Ok, so here are some things that don't add up AT ALL. We have MASSIVE variances in benchmarks between the review on TomsHardware and the reviews elsewhere. Somehow, in every single situation, Toms Hardware's tests either make Intel look better or they make Ryzen look worse. Let's explore this with a couple of examples, and I will only use reputable sites that have been around for a LONG time, not some kid with a YouTube channel. I think that Hard OCP is well respected, also Hardware Canucks and AnandTech should be well-recognised:
Ok, so here we are with the Ryzen 1800X which turbos to 4GHz but for some reason, it's only at 3.8GHz here, so what's crippling it? The numbers are also quite inflated compared to what Hard OCP's results are for the same game:
What's also really interesting (and telling) is that their Ryzen CPU is running at 4GHz in the CPU-focused 1280x768 setting of Ashes of the Singularity but only gets an average of 41fps which would seem to be consistent with the minimum frame rate of the "Ryzen 1800X HP" setting so perhaps that is a fair number, but only if Hard OCP is using minimum frame rates. The real problem here is the discrepancy between the results that the two sides have when it comes to the Intel CPUs. How is it that the i7-7700K, OC'd to 5GHz only shows 45.4fps while NON-OVERCLOCKED i7-7700K shows a MINIMUM frame rate of 59fps? Also, how is it that Hard OCP's 6900K OC'd to 4.3GHz only shows 53.1fps while Tom's test with an NON-OVERCLOCKED i7-6900K shows a MINIMUM of 61fps! It's quite apparent that the 1280x768 would be a more CPU-intensive resolution than 1080p especially with the CPU-focused setting. Why didn't Tom's Hardware use this like Hard OCP did? Also, why use the extreme preset? Doesn't that make it more graphics intensive? Some things here don't add up eh? How do overclocked CPUs get lower frame rates in lower resolutions than non-overclocked CPUs when games are most likely to scale well from increased clock speeds? Is it a mystery, or is it something even more sinister than that?
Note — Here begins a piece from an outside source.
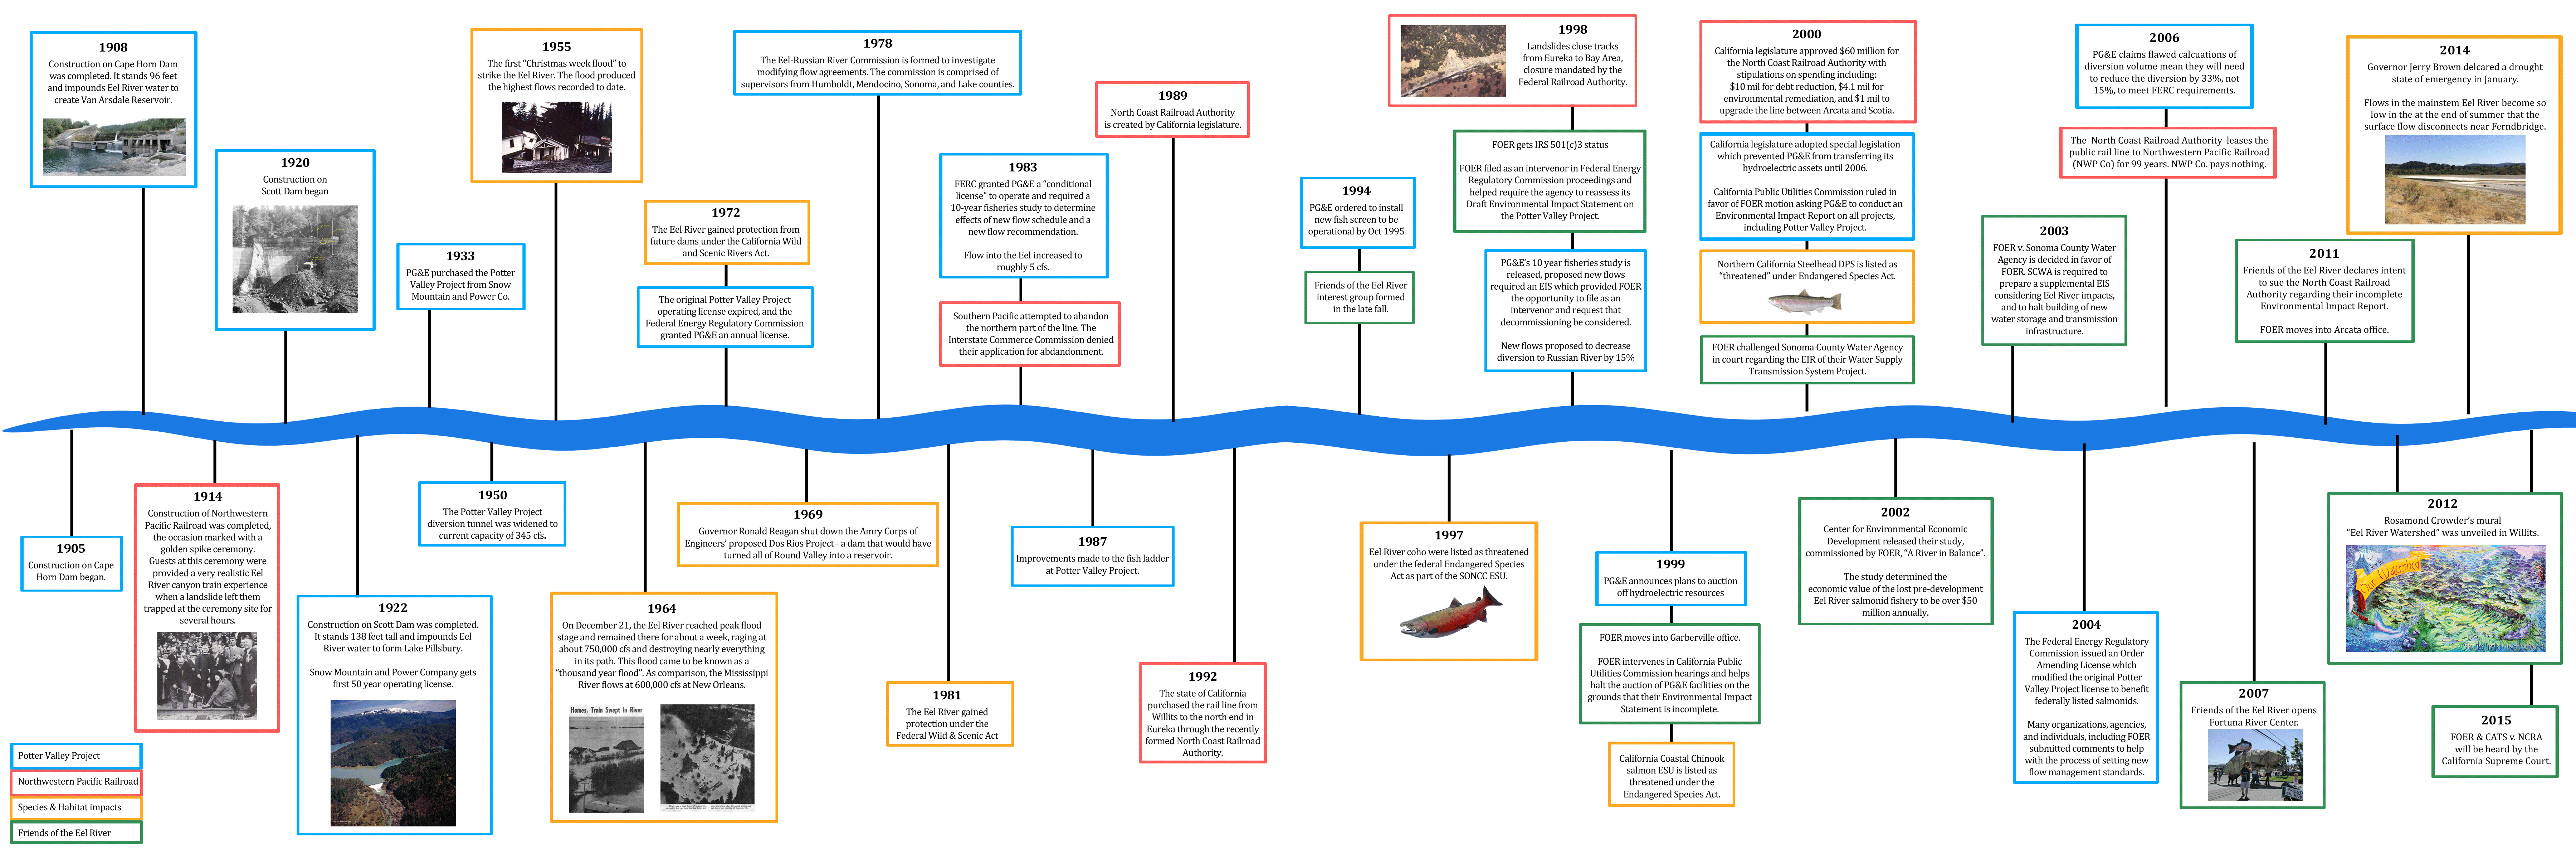 Brief timeline of Eel River history. Click to enlarge.

Then of course, there's the wording from the Workstation Section...
"It’s questionable if it’s a good investment if the application in question has been heavily optimized for Intel processors, but there’s no real drawback to its use as a general-purpose CPU."
How is it a questionable investment compared to CPUs that are more than double the cost but never even come close to showing double the performance and are in fact beaten at least once? Regardless of the applications shown, the Ryzen defeated the i7-6900K far more often than not and whenever it was beaten by the i7-7700K, the i7-6900K was also beaten. A very sneaky thing was also done as overclocked Intel CPUs were slipped into the mix to drive the ranking of the Ryzen down on the chart, this is a psychological tactic to give a visual impression of being worse than it is. In AutoCAD 2016 for instance, an i7-6900K overclocked to 3.8GHz was added to the mix with the normal i7-6900K. This was never mentioned in the testing methodology and again, Paul does his passive-aggressive best to make Ryzen look like a disappointment and make the Intel CPUs look like winners:
"The AutoCAD results remind us of what we reported on the previous page when we looked at output devices. AMD’s Ryzen 7 1800X ends up exactly where you’d think, based on those findings. There’s no real parallelization, but there’s plenty of system memory and cache usage, which turns out to be a combination that puts its performance squarely in the middling category." - In other words, it performs EXACTLY like an Intel CPU that is more than DOUBLE THE COST. Obviously, if the Ryzen loses to the i7-7700K, it is a loss, regardless of whether or not the i7-6900K at more than double the price ALSO loses to the i7-7700K. The overclocked i7-6900K is a clever way here to push the Ryzen down further in ranking while still being mute concerning the non-overclocked i7-6900K.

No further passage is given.